■ Task statement ■
Beginning with the line that contains "Van Brunt Stillhouse", write out each remaining line of the records below exactly. Do not copy any picture.

(Data records)
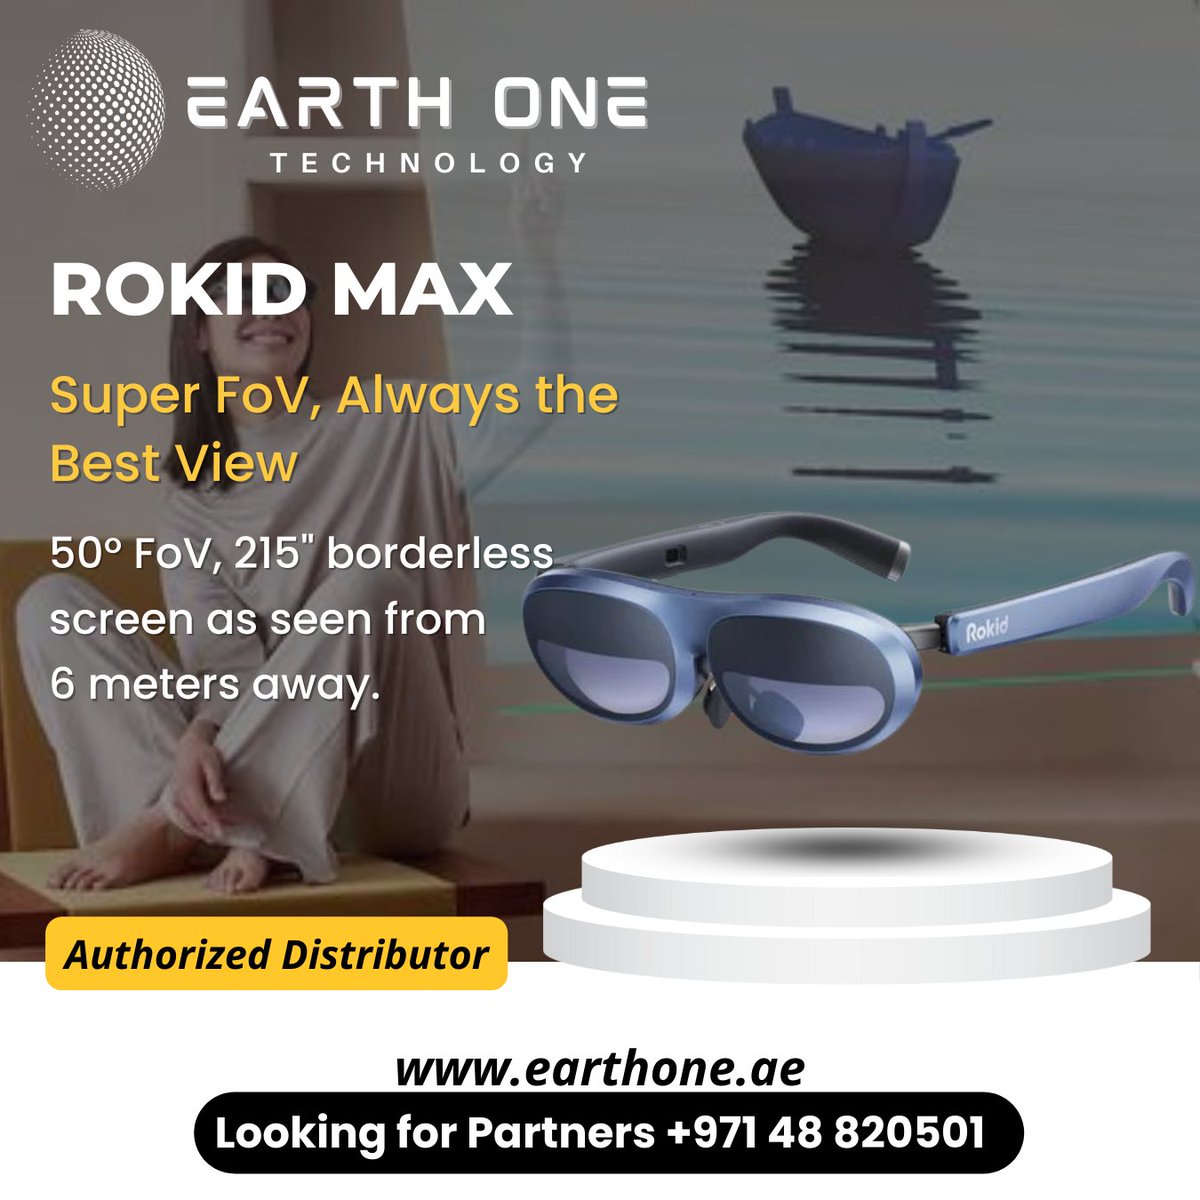 #earthone Rokid Max AR glasses

smpl.is/92nqe

#earthonedubai #smarttech #dubaitech #earthonetec #earthonetech #gcc #arglasses #rokidmax #rokidmaxglasses #rokidglasses
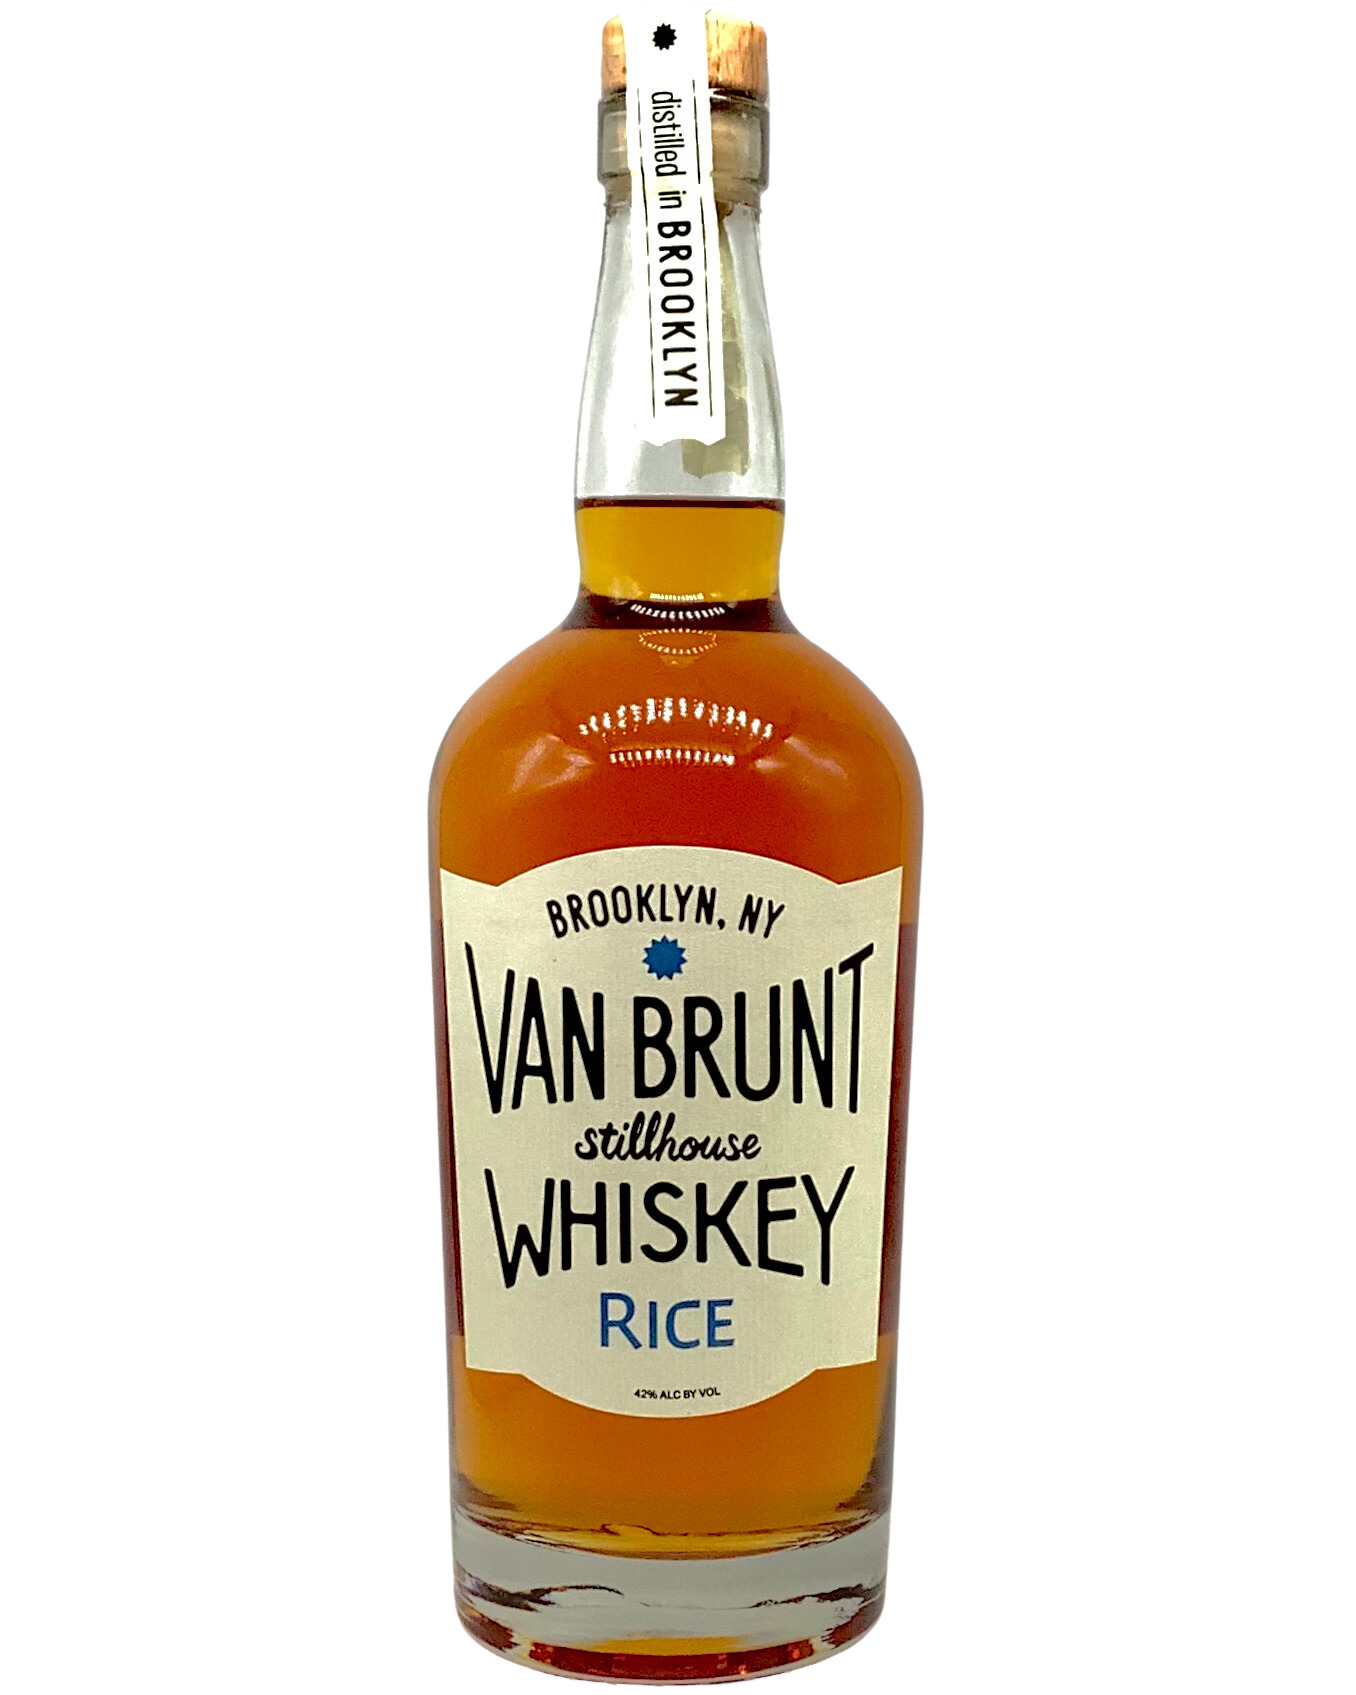 Van Brunt Stillhouse Rice Whiskey, Brooklyn NY 750ml newarrival
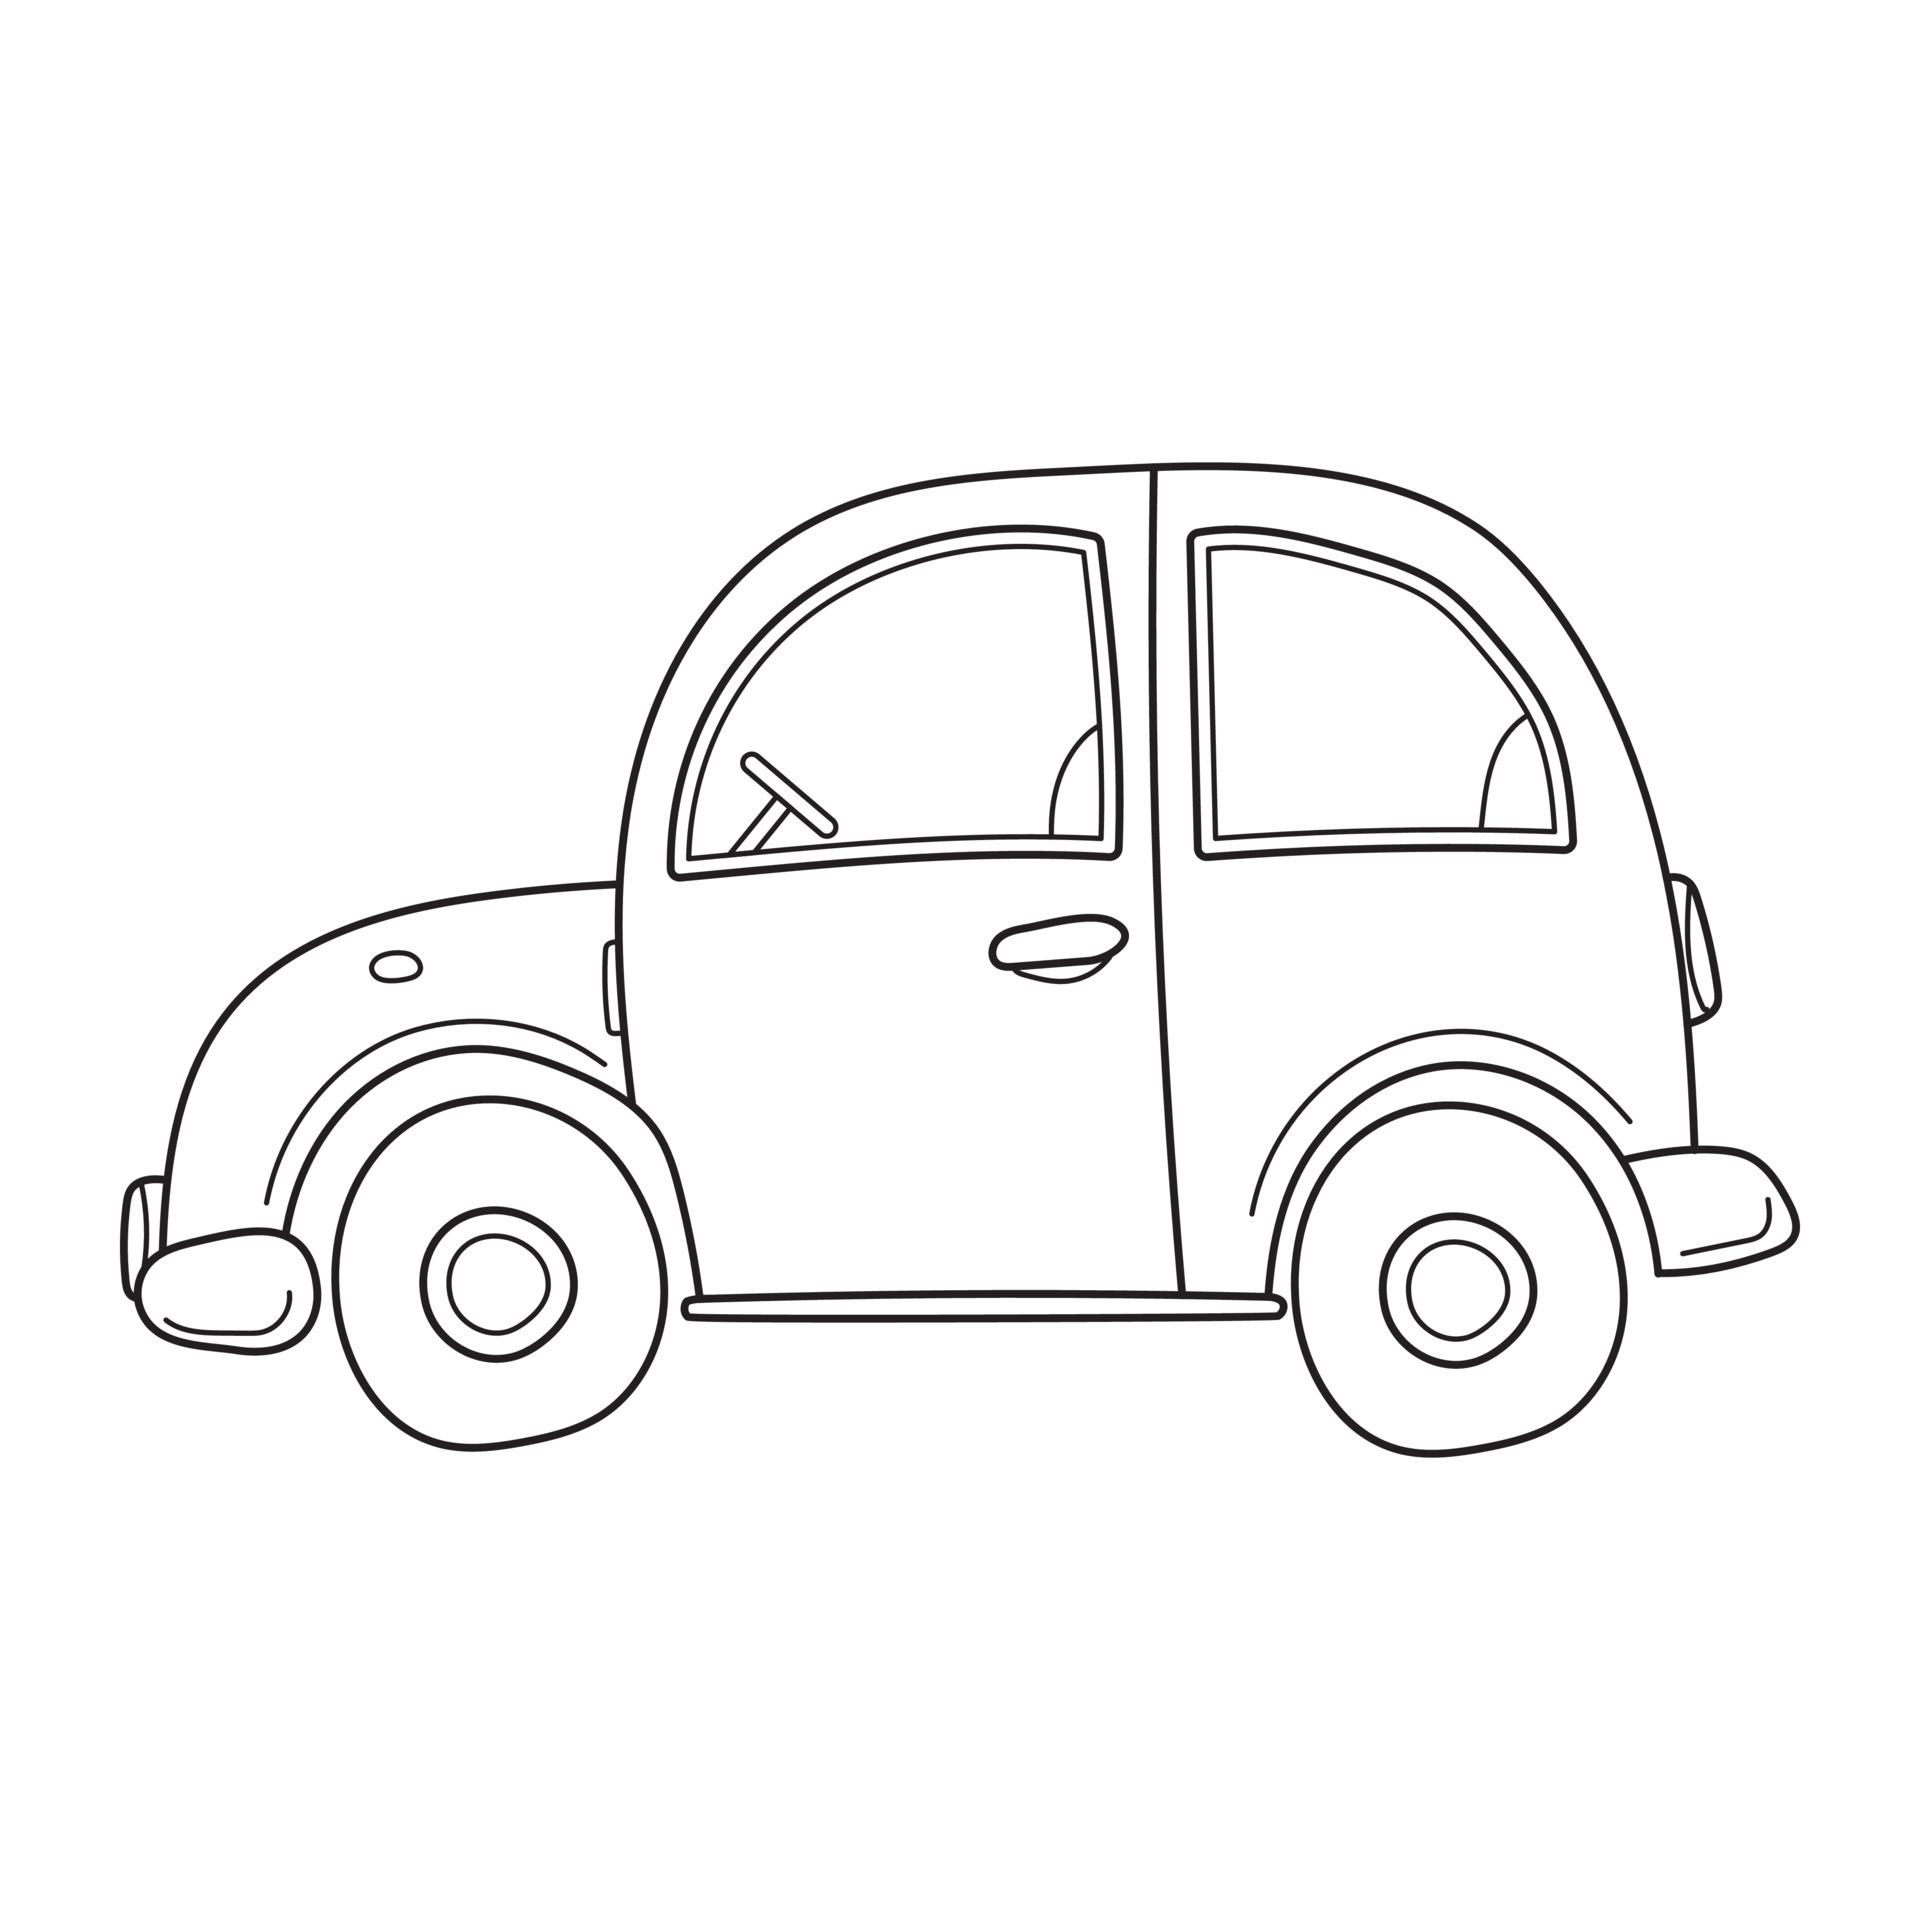 Car sketch. vector • wall stickers draft, blueprint, simple | myloview.com

■ Output of the task ■
 Van Brunt Stillhouse Rice Whiskey, Brooklyn NY 750ml newarrival
 Car sketch. vector • wall stickers draft, blueprint, simple | myloview.com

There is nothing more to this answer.